> _Collected data_
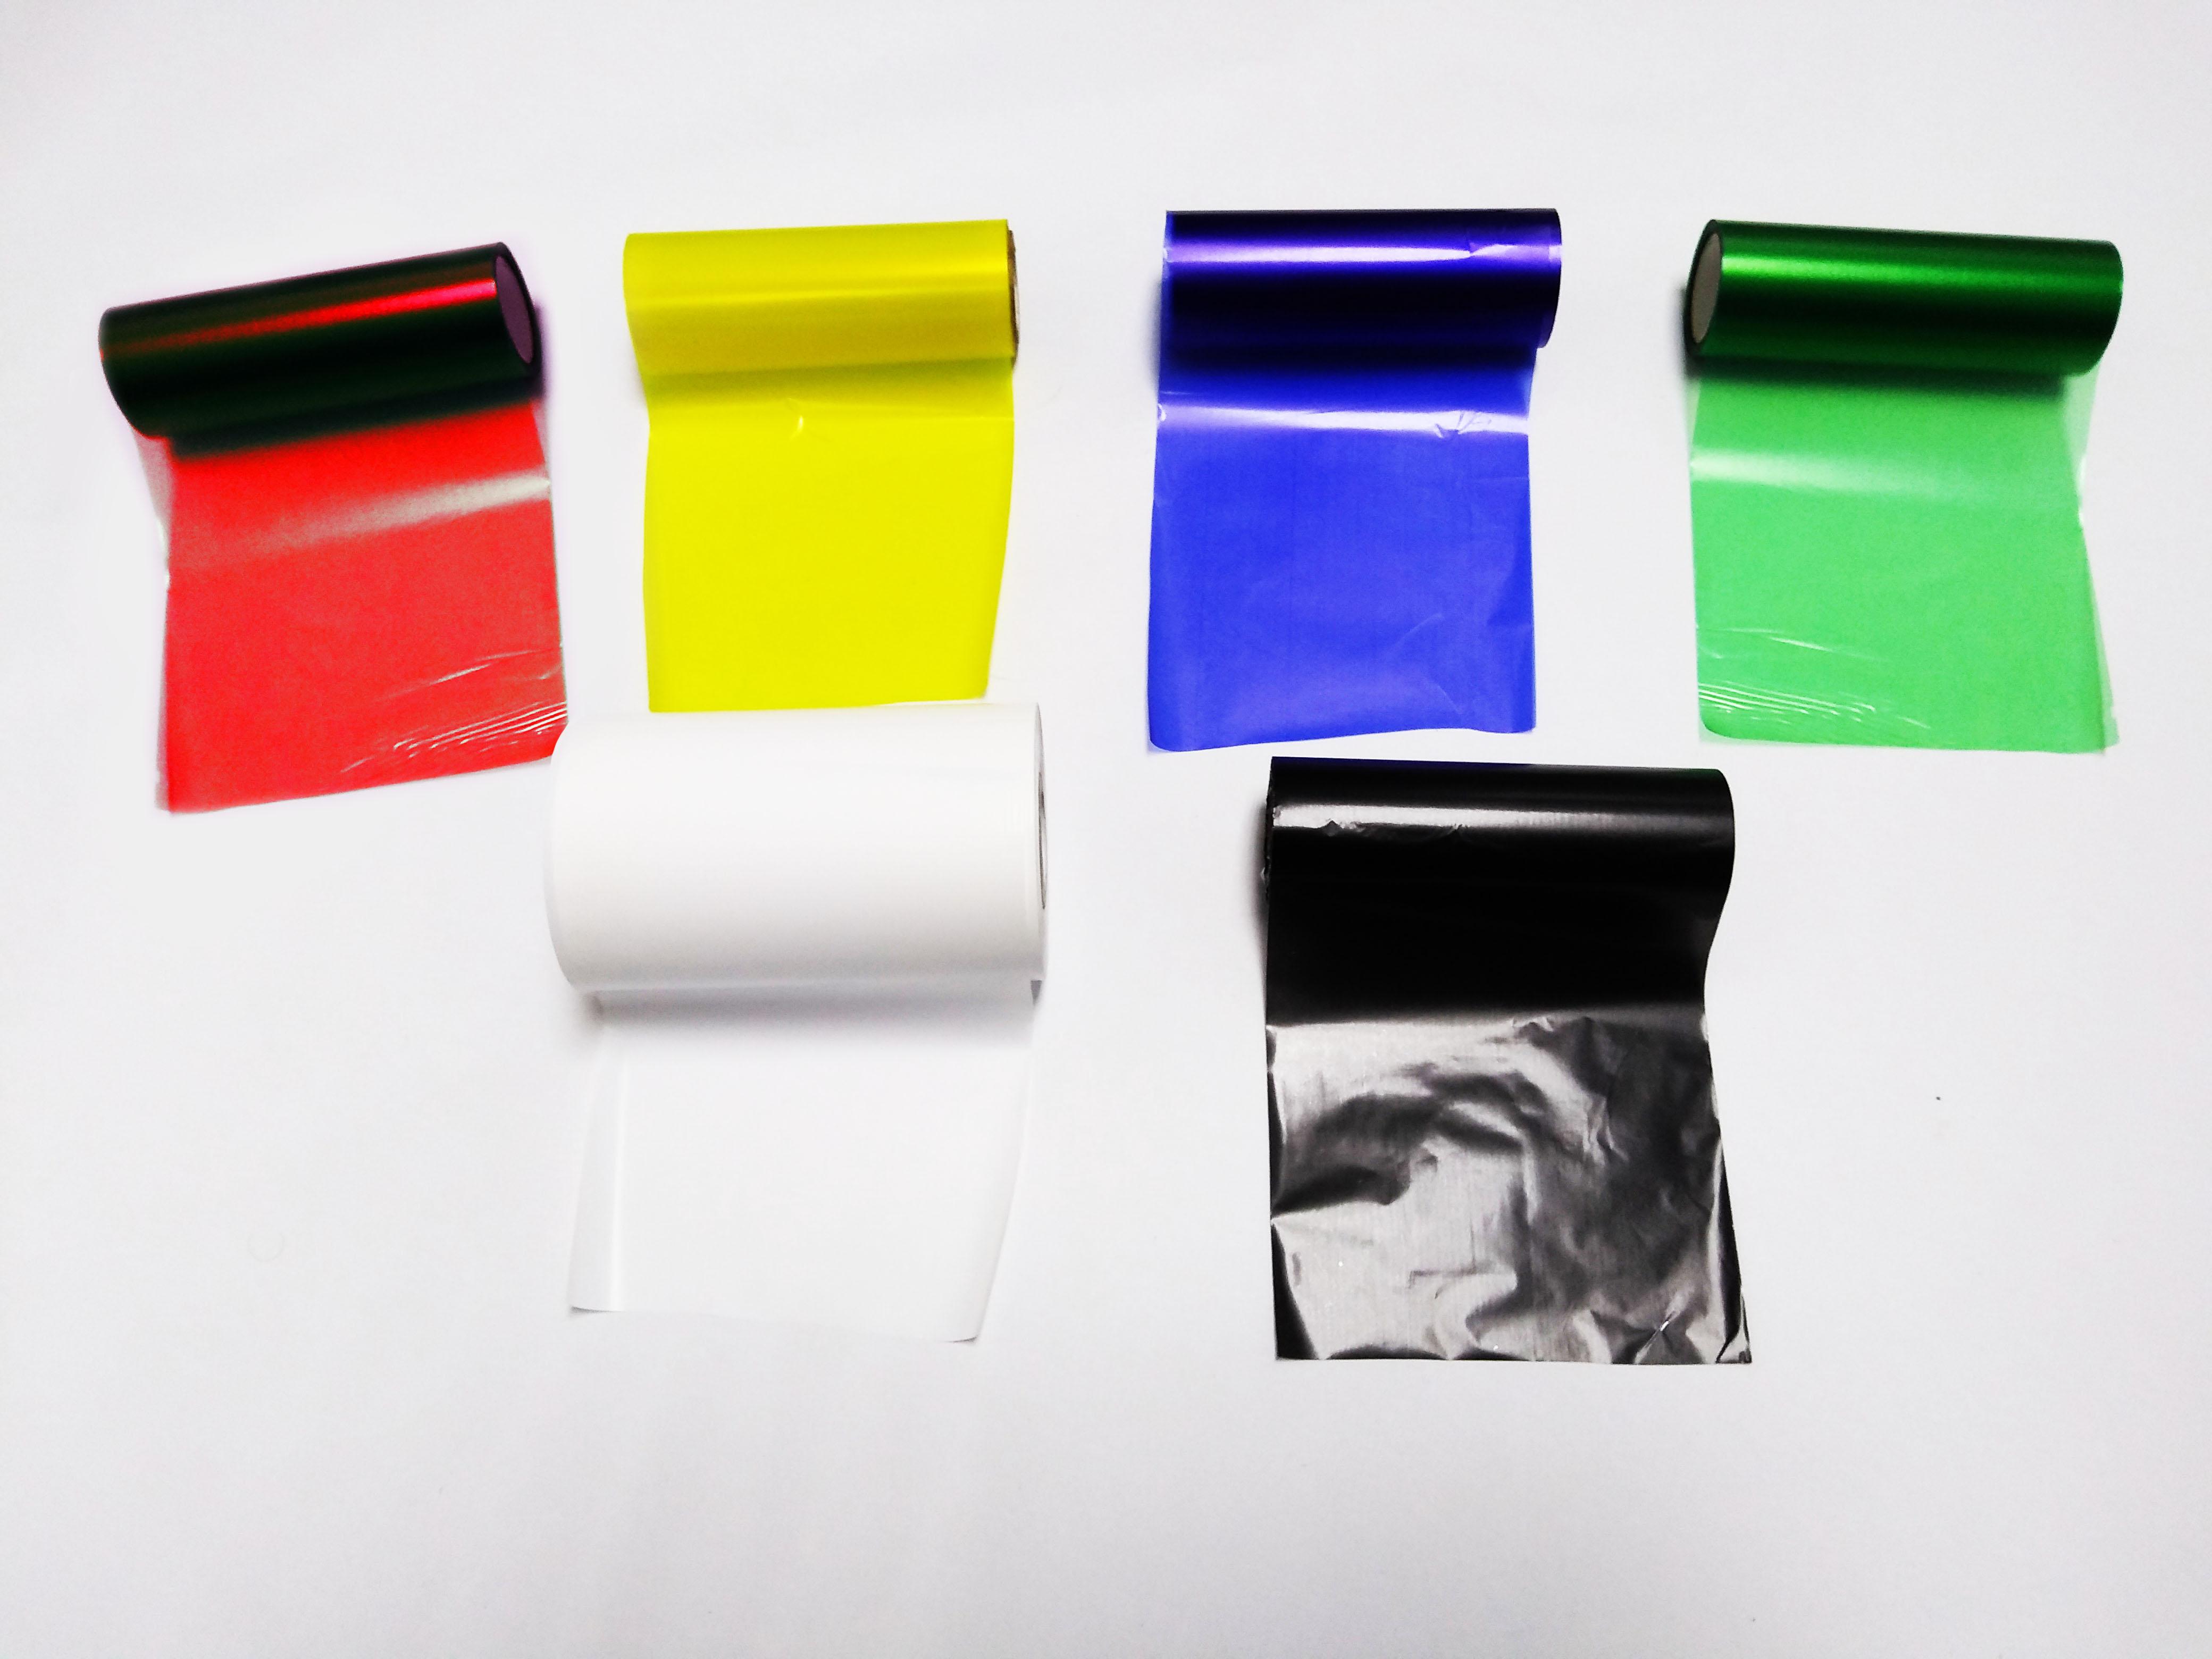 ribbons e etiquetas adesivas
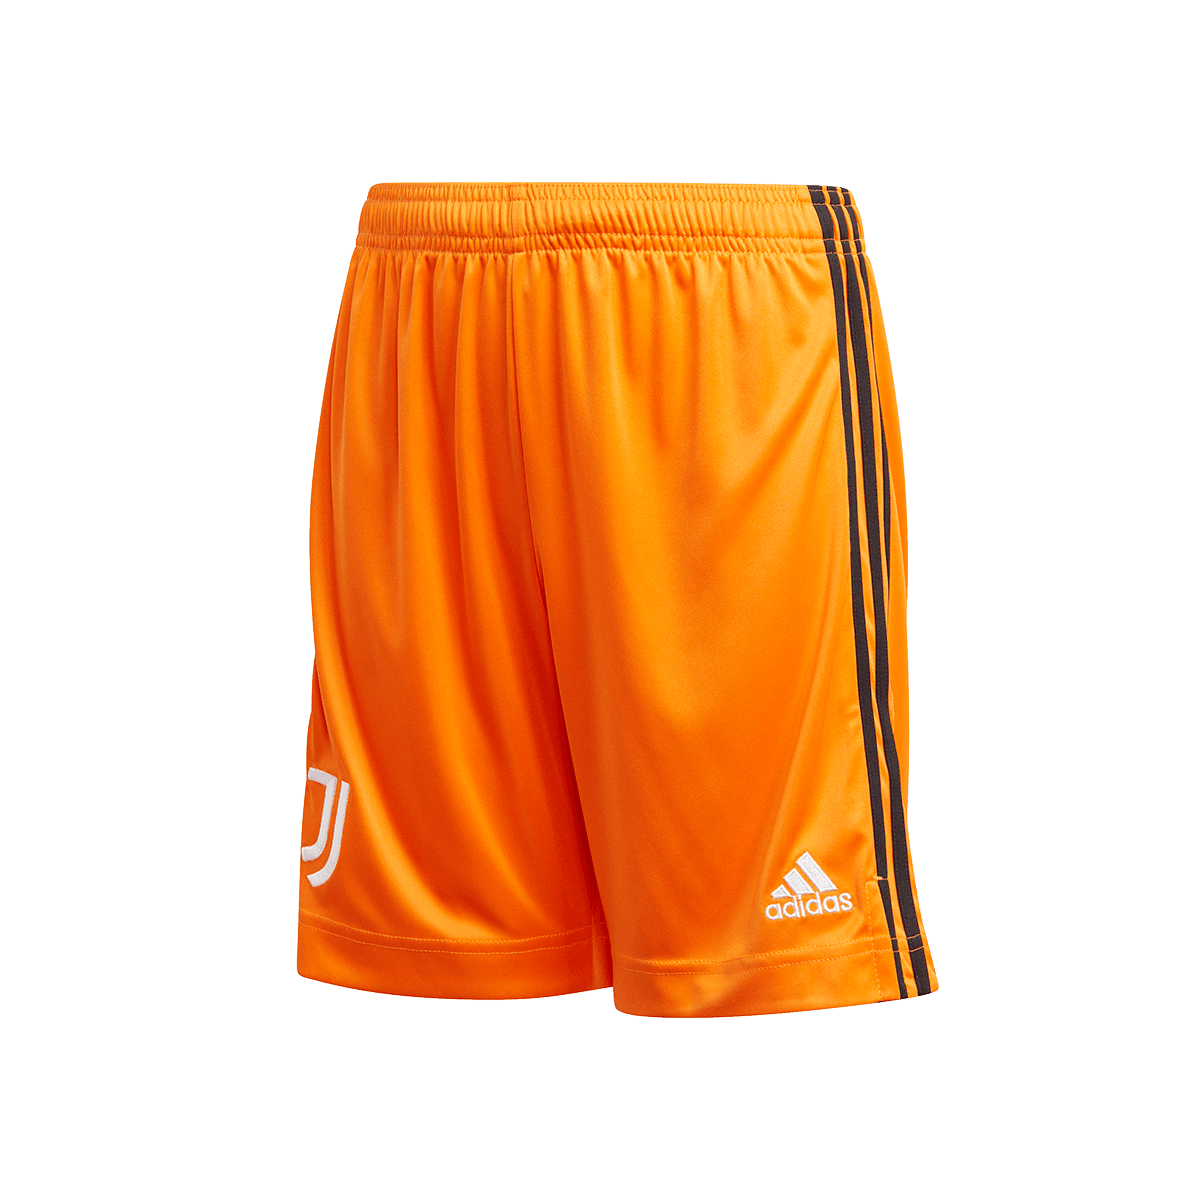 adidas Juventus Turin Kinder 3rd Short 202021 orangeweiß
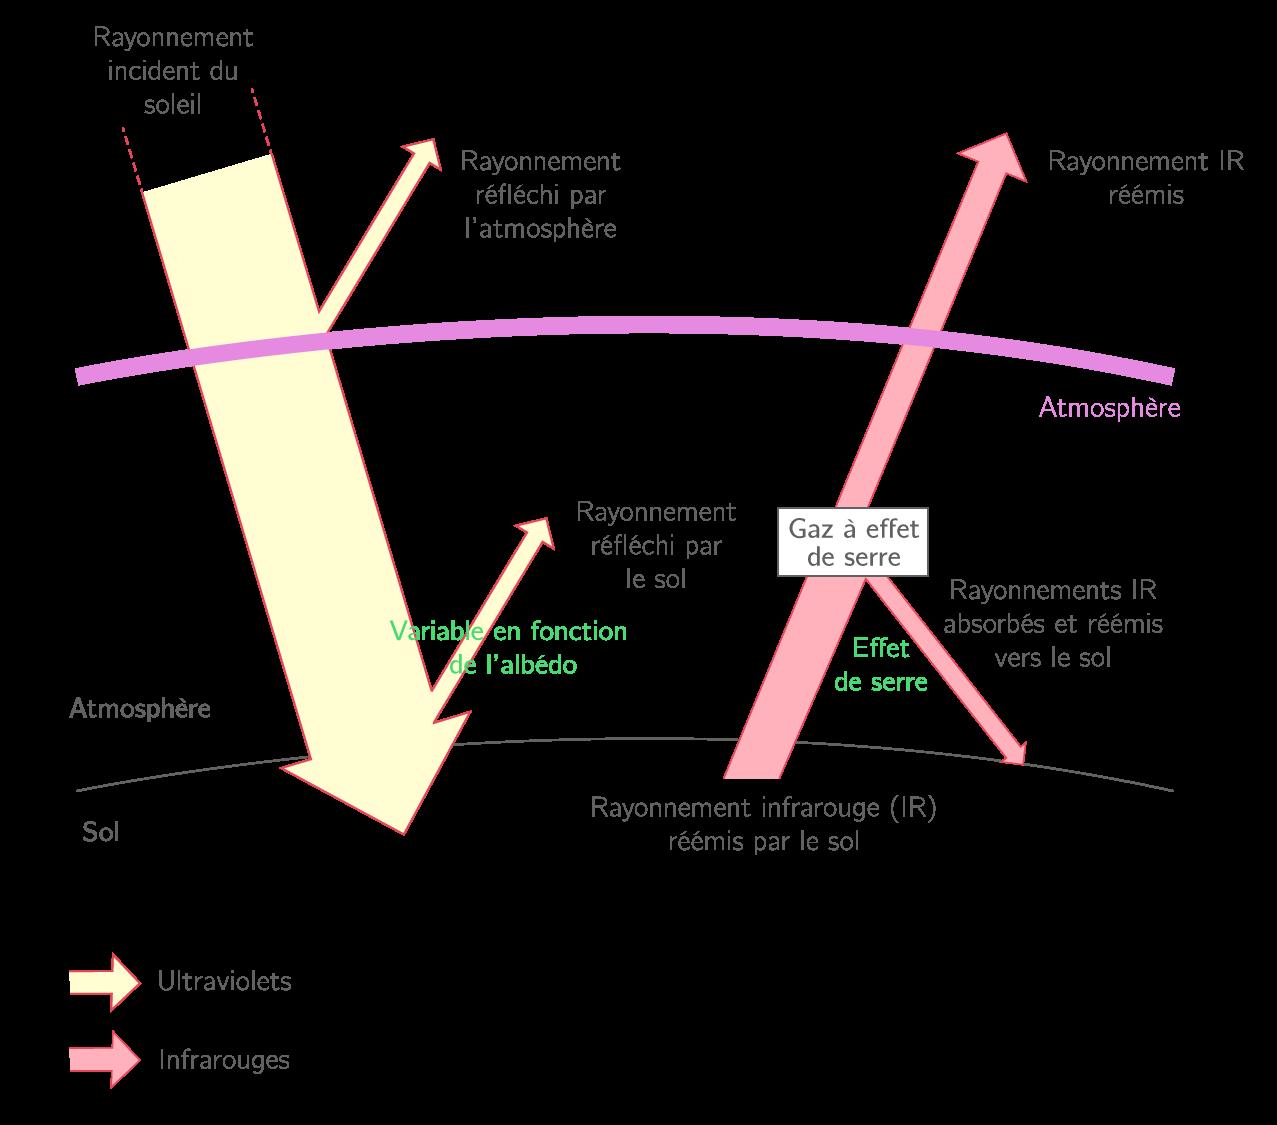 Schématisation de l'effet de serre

> _What needs to be done_
Pictures aside, please output the whole listing exactly as it appears above.

> _Output_
 ribbons e etiquetas adesivas
 adidas Juventus Turin Kinder 3rd Short 202021 orangeweiß
 Schématisation de l'effet de serre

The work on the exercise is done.